Tanaz Godiwalla is an acclaimed name in the Parsi community. Having inherited her parent’s catering business—Godiwalla Caterers—she helped build it to newer heights, and followed it up with another delicious venture, A Parsi Affair. On the sidelines of her first Parsi Bhonu pop-up outside Mumbai—at Chor Bizarre in Delhi recently—the noted caterer chats with Garima Sadhwani about the importance of authenticity in flavours, reinventing foods and traditions, and more
From Godiwalla Caterers to A Parsi Affair, what has your journey been like?
I took over my family’s catering business after my father passed away nearly 34 years ago. After that, there was no looking back for me. Around 2019, I decided to privatise my business to protect my key staff, streamline the business operations, and also branch out—into condiments and ready-to-cook gravies. Even within catering I have another arm for buffets, corporate catering, etc. It was a steep learning curve because as soon as I privatised, Covid hit in 2020, and obviously, the whole industry suffered. The one good thing was I managed to pay and retain my staff through that tough period. It has taught me to be the conductor of an orchestra, which has teams, and each team has a specific role. This organisation within my business has surely made the business move with the times.
In the past few years, we’ve seen a trend of revival of traditional cuisines.

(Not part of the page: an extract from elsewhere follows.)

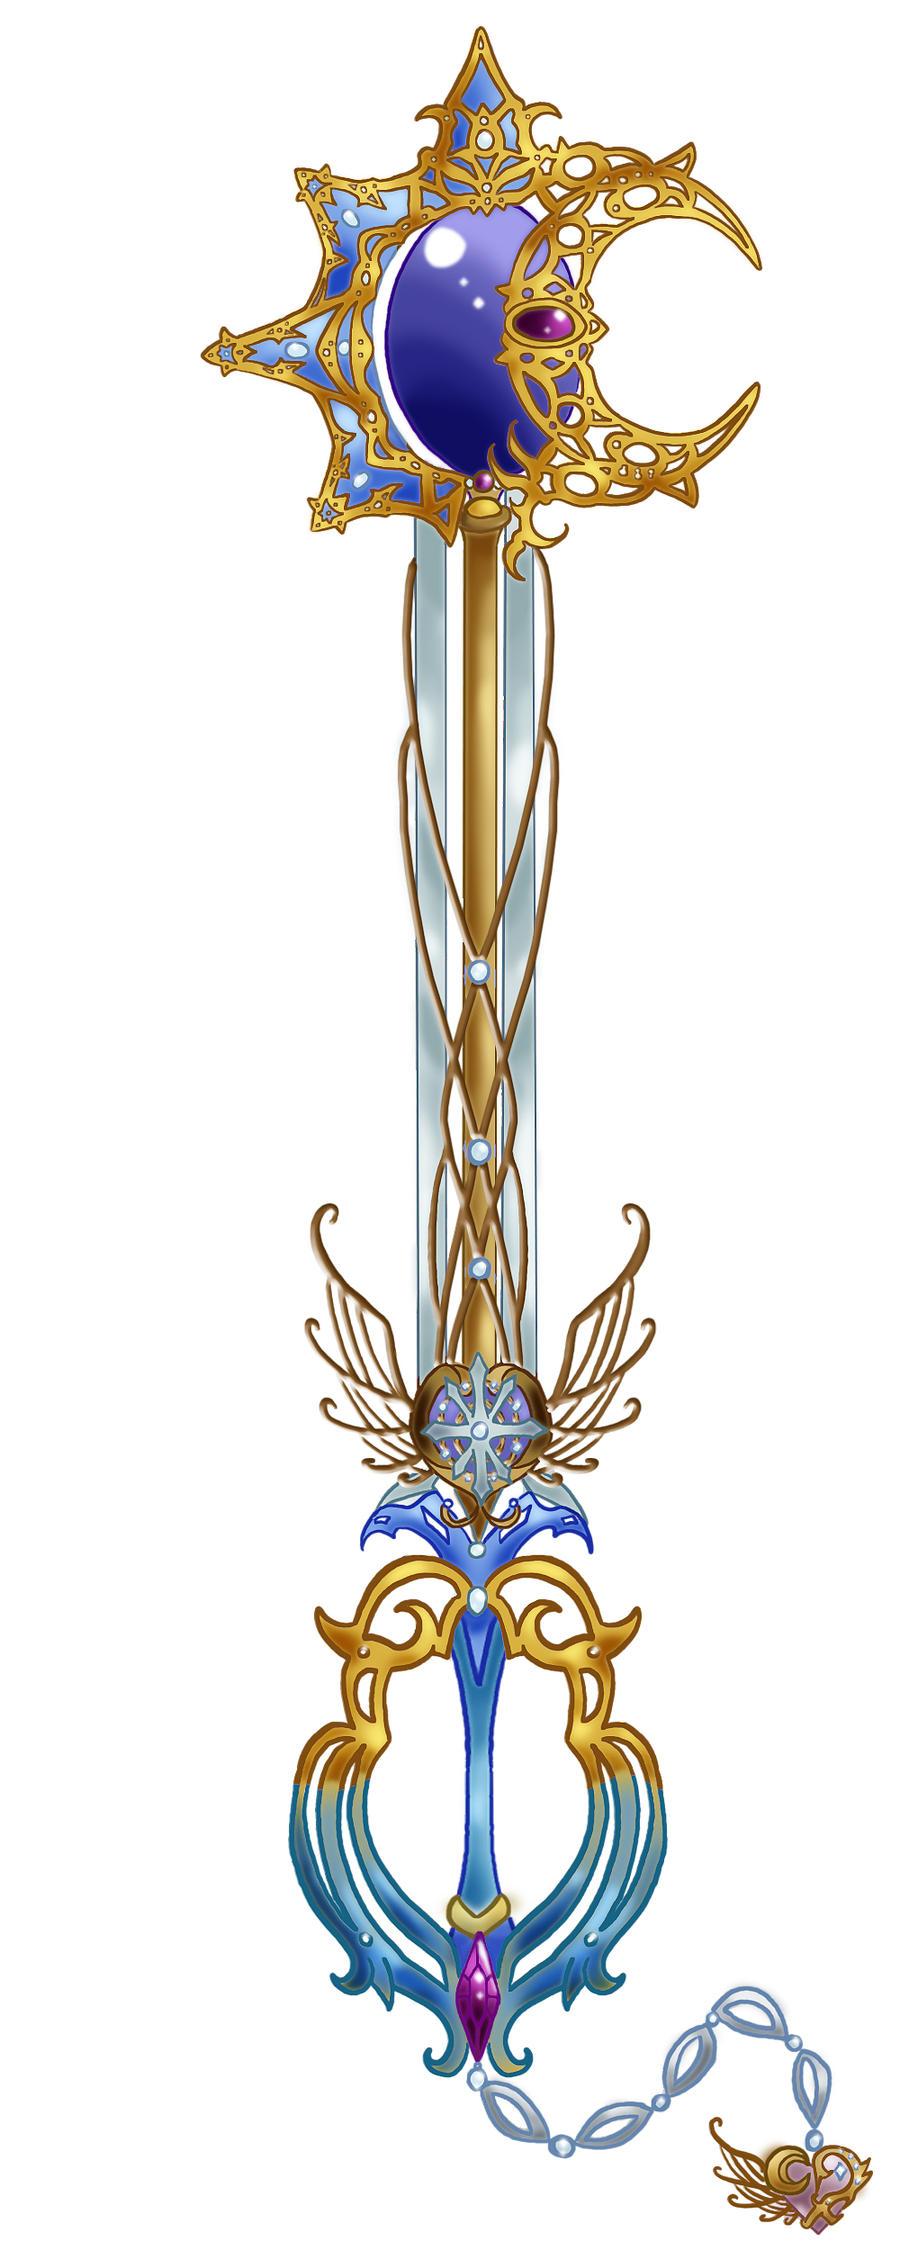 The Lunaticus Estella keyblade by Lrme87 on DeviantArt

Could you tell us about how the Parsi community is keeping its authentic food alive?
Parsis are an extremely small community with age-old traditions and recipes passed down from generations to generations. We, as a community, are very proud to display our food and open the doors for people to experience our traditional flavours.
Being a small community, we are even more protective of keeping the authenticity of our culture and flavours alive, which is a large part of my culinary journey, by not deviating from the age-old recipes and opening them up to an even wider society.
The Parsi food eateries in Mumbai have been a part of the city’s fabric since time immemorial. Tell us about the connection between your identity, your food, and the city.
I was born and brought up in Mumbai. Having the garam garam (piping hot) bun maska with chai or kheema pav in a very non-frills Parsi café with the most authentic flavours; or having the freshly prepared chicken crust patties in a cafe close to St Xavier’s College hugely influenced my taste buds, apart from the food my parents (who were caterers) prepared.
The main connection between these memories and my identity is that certain tastes and flavours stick in your head, the aroma of these dishes stays with you. At these places, where the portions were always generous, the food always did the talking.
All these years, have you been treading the traditional path, or reinventing your dishes as times change?
When times change, one has to move with them. I always keep the core dishes and flavours intact in my food—the way the dishes are traditionally meant to be. But I reinvent dishes, and introduce new dishes and appetisers all the time. One has to do that as people and their palates evolve. It is important to move with the times but keeping the core traditional flavours at the centre of it all is equally crucial.
Do you plan on bringing A Parsi Affair to Delhi as well?
I would love to bring A Parsi Affair to Delhi at some point, but there are no concrete plans yet. That said, sharing Parsi flavours with more people is something I’m always excited about, and I hope to make it happen in the future.